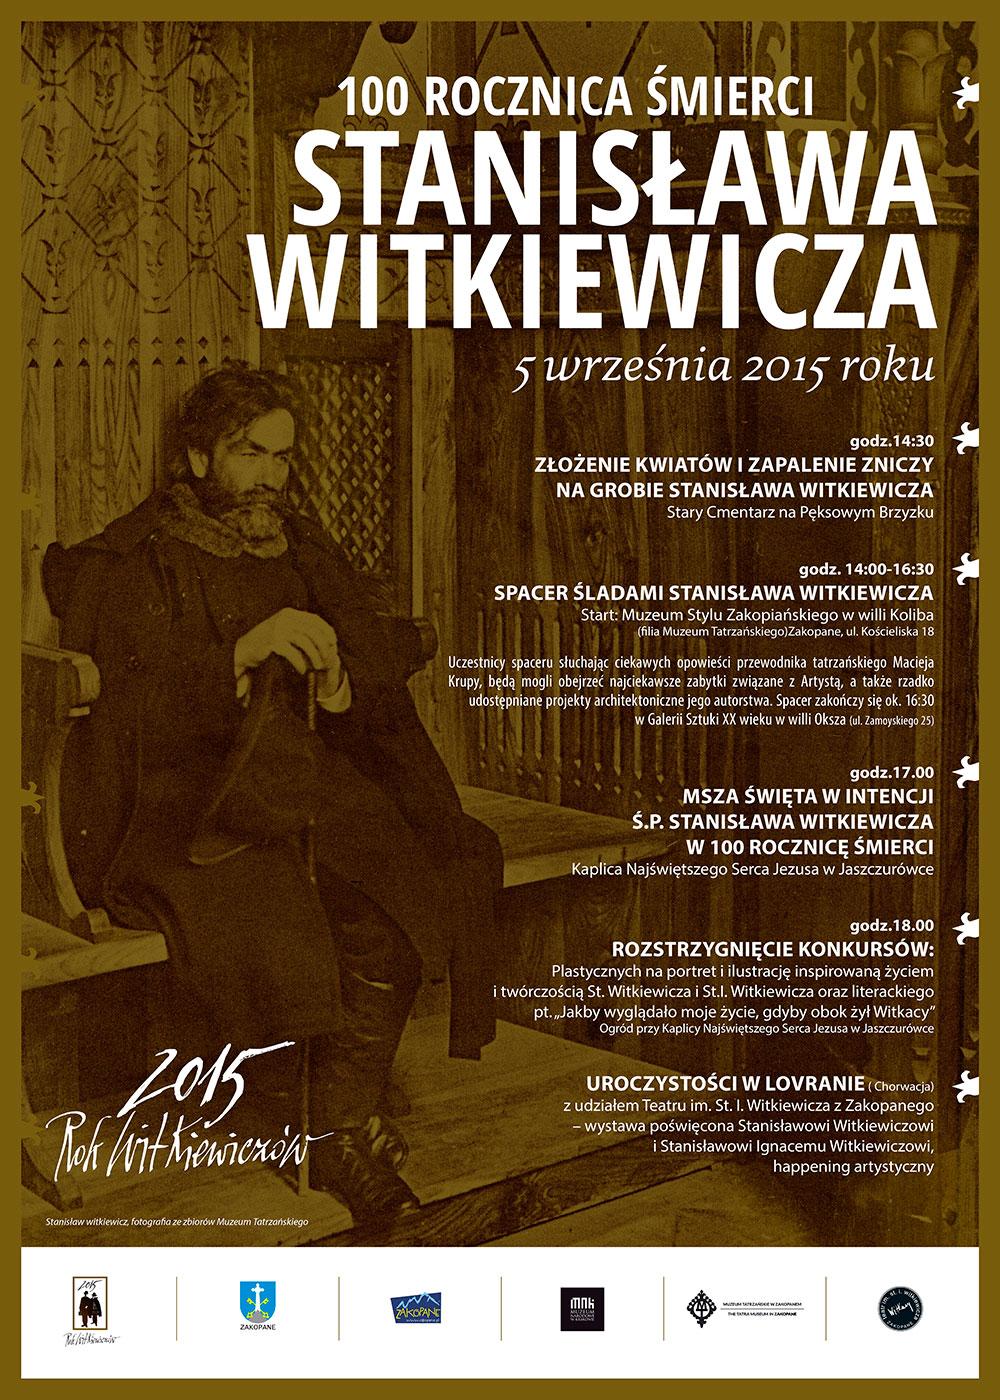 100_rocznica_smierci_witkiewicza_plakat_www_1
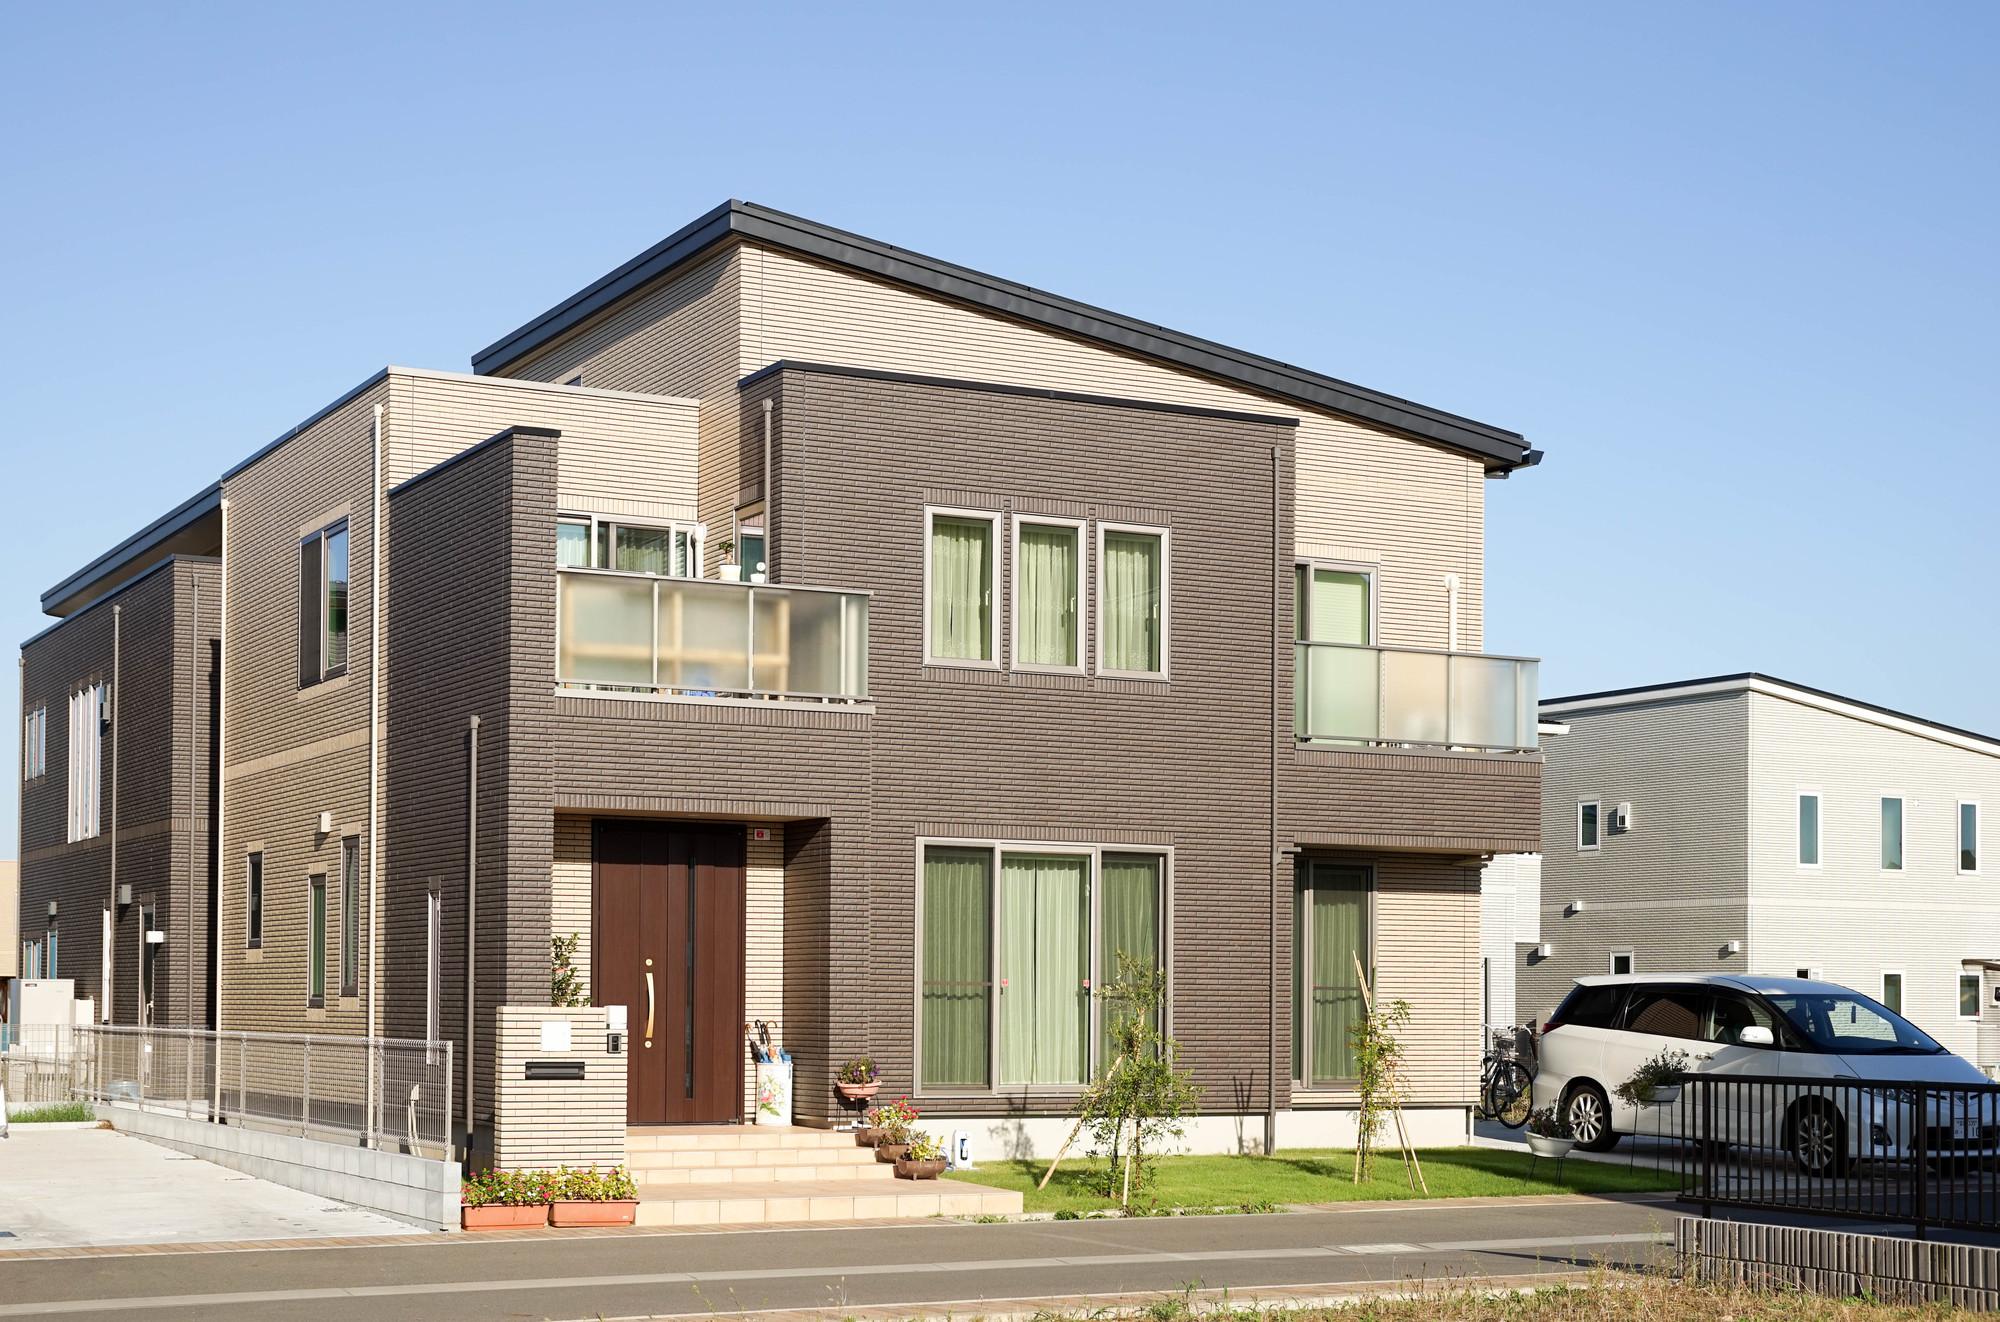 ハウス 欠陥 ランキング 住宅 メーカー
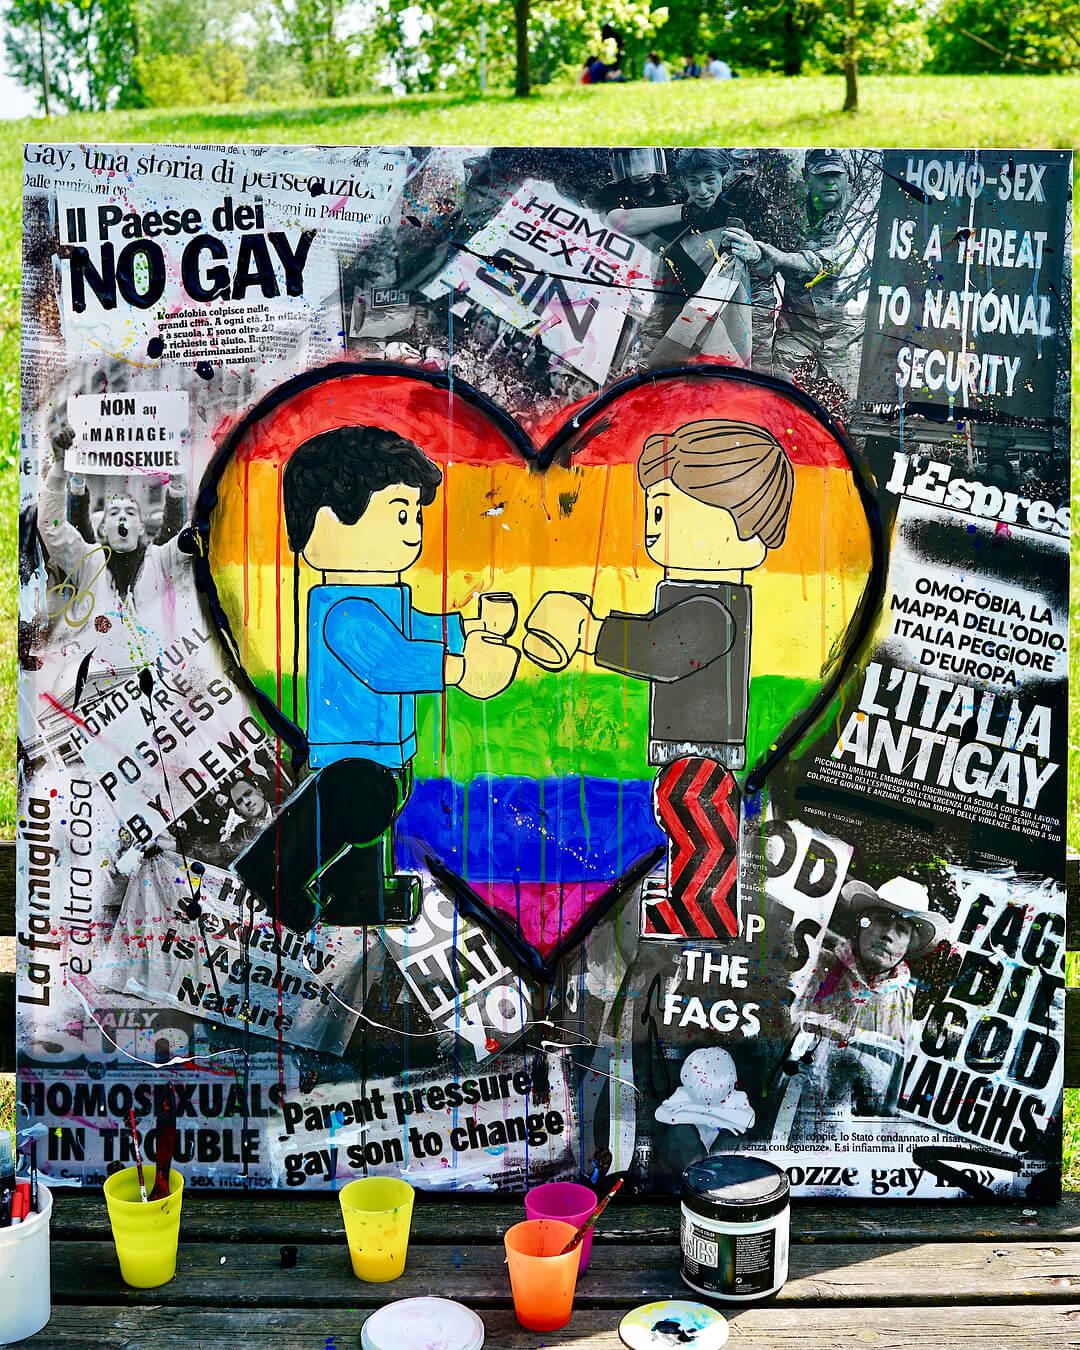 Il quadro contro l'omofobia
______
### [TASK STATEMENT]
Give back the whole listing exactly; no pictures.

### [YOUR RESPONSE]
 100_rocznica_smierci_witkiewicza_plakat_www_1
 ハウス 欠陥 ランキング 住宅 メーカー
 Il quadro contro l'omofobia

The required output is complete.